11. Method of selection of an SPS-ase producing microorganism for production of the SPS-ase as defined in claim 1, wherein the microorganism to be tested is grown on a fermentation medium, the main carbon source of which is SPS
produced on the basis of vegetable raw protein as a raw material, whereafter a sample of the fermentation medium is analyzed for SPS-ase and the microorganism in question is selected as an SPS-ase producing microorganism, if the analysis for SPS-ase is positive.

12. Method of selection of an SPS-ase producing microorganism for production of the SPS-ase as defined in claim 1, wherein the microorganism to be tested is grown on a fermentation medium, the main carbon source of which is SPS

produced on the basis of vegetable raw protein as a raw material, whereafter a sample of the fermentation medium is analyzed for SPS-ase and the microorganism in question is selected as an SPS-ase producing microorganism, if the analysis for SPS-ase is positive and is cultivated in a nutrient medium.

13. Method according to claim 12, wherein the strain Asp.
aculeatus CBS 101.43 or AsP. japonicus IFO 4408 is cultivated in a nutrient medium.

14. Method according to claim 12, wherein the cultivation is carried out as a submerged cultivation at a pH in the range of from 3 to 7, at a temperature in the range of from 20 to 40°C, and whereby the nutrient medium contains carbon and nitrogen sources and inorganic salts.

15. Method according to claim 14 wherein the pH is in the range of 4 to 6 and the temperature is in the range of 25 to 35°C.

16. Method according to claim 12, wherein the nutrient medium contains soy meal.

17. Method according to claim 16, wherein the soy meal is treated with a proteolytic enzyme before the use as a component of the substrate.

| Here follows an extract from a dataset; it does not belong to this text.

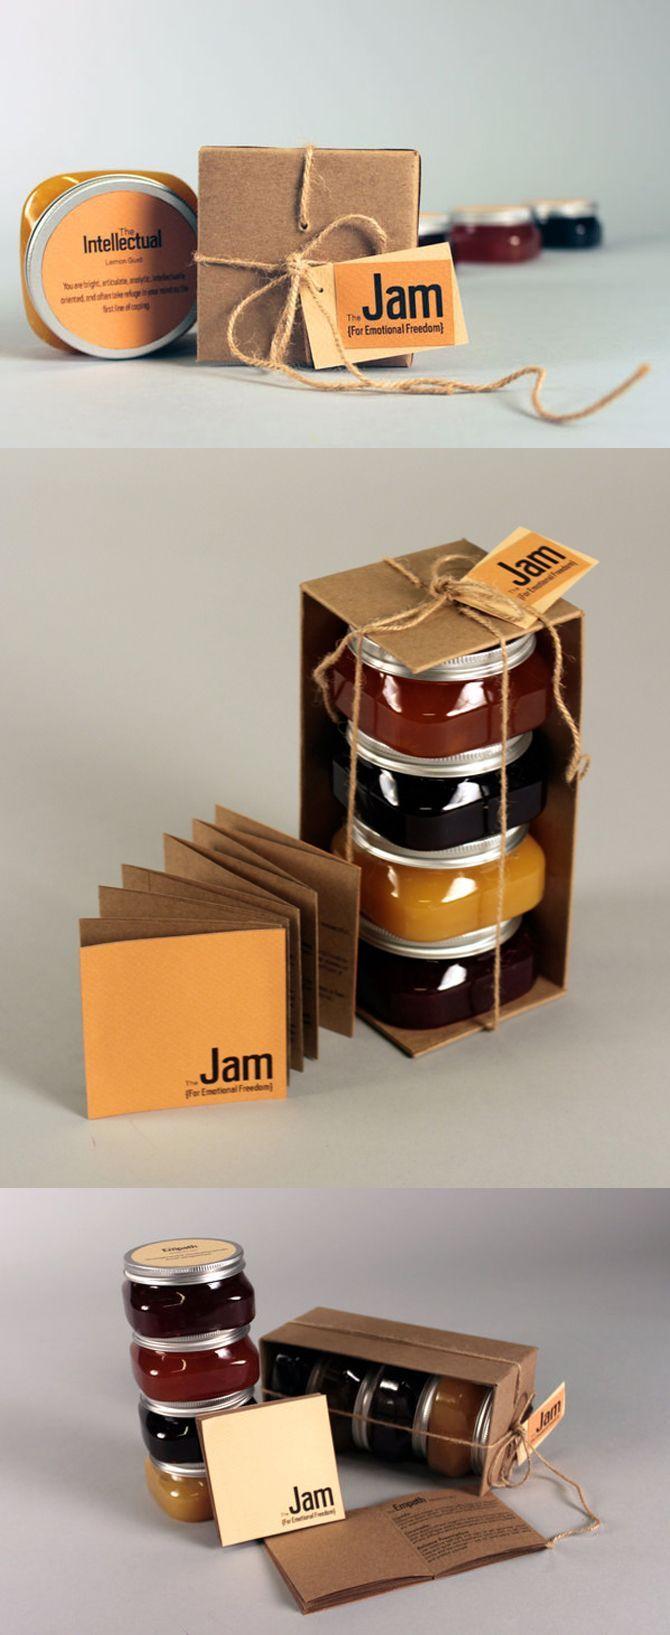 Jam Packaging Designs For Inspiration - We Design Packaging

18. Method according to claim 17 wherein said proteolytic enzyme is the proteolytic enzyme produced microbially by means of Bucillus licheniformis.

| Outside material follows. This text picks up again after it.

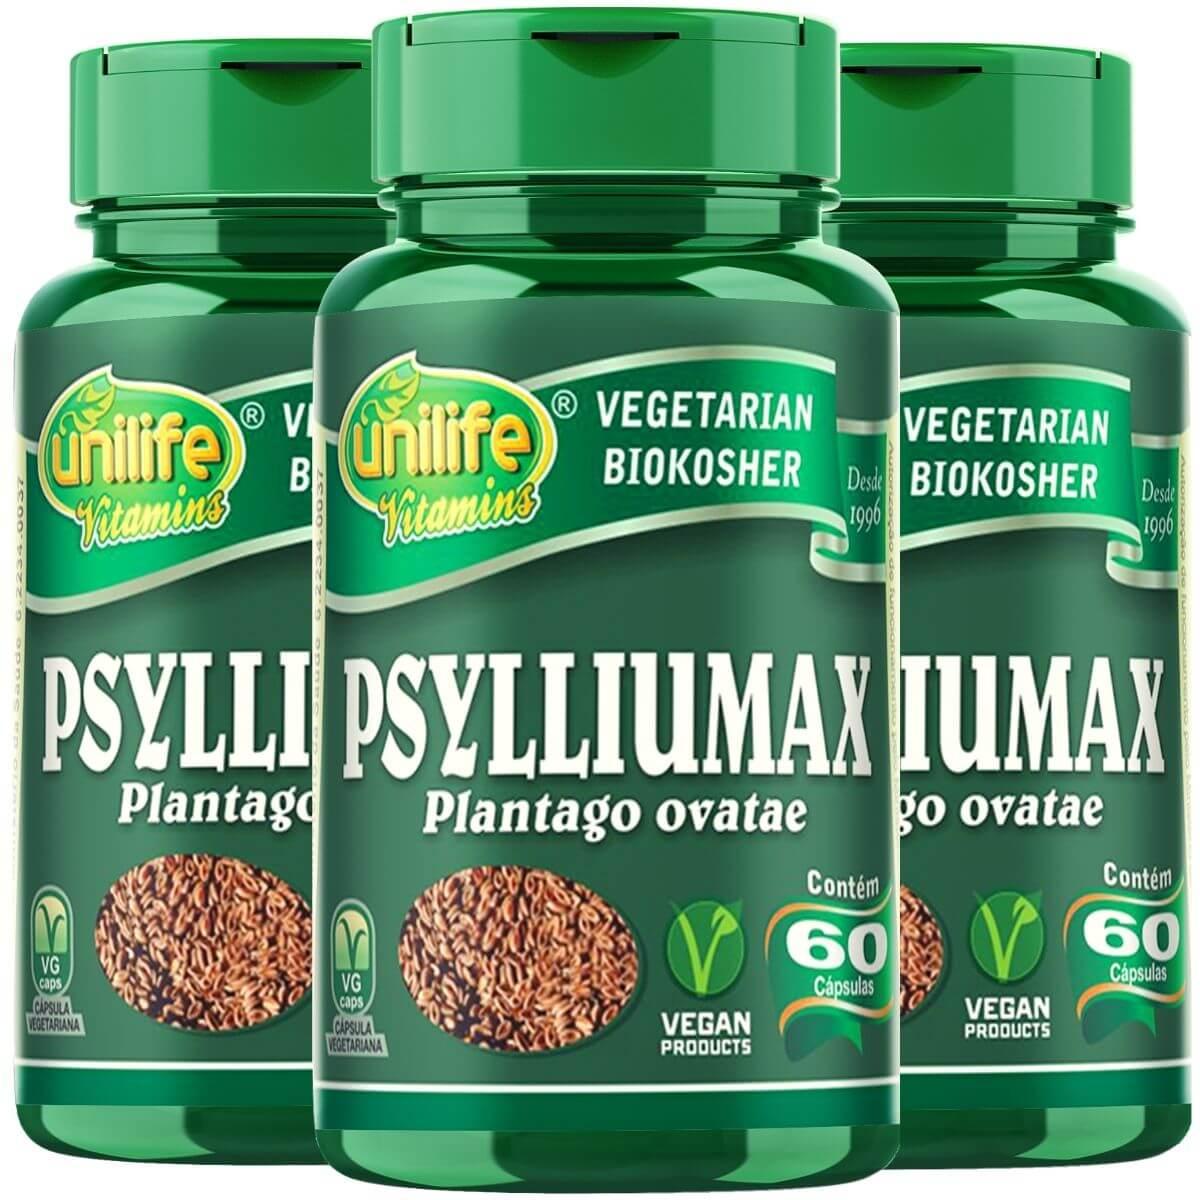 Kit 3 Psylliumax - Psyllium 550mg 60 Cápsulas - Unilife

19. Method according to claim 12, claim 14 or claim 17, wherein a sterile solution of pectin is added aseptically to the fermentation broth during the cultivation.

20. Method for decomposition of polysaccharides, by means of a carbohydrase, which comprises treatment with an SPS-ase preparation as defined in claim 1 in an aqueous medium is contacted with a substrate for said SPS-ase preparation.

21. Method for decomposition of polysaccharides according to claim 20, wherein the decomposition is accompanied by the isolation or extraction of a biological material other than soy protein and related vegetable proteins from a raw biological material, whereby the SPS-ase preparation is essentially free of any enzyme which is able to degrade said biological material.

22. Method for decomposition of polysaccharides according to claim 20, wherein one reaction products is a fermentable sugar which is further treated by alcoholic fermentation.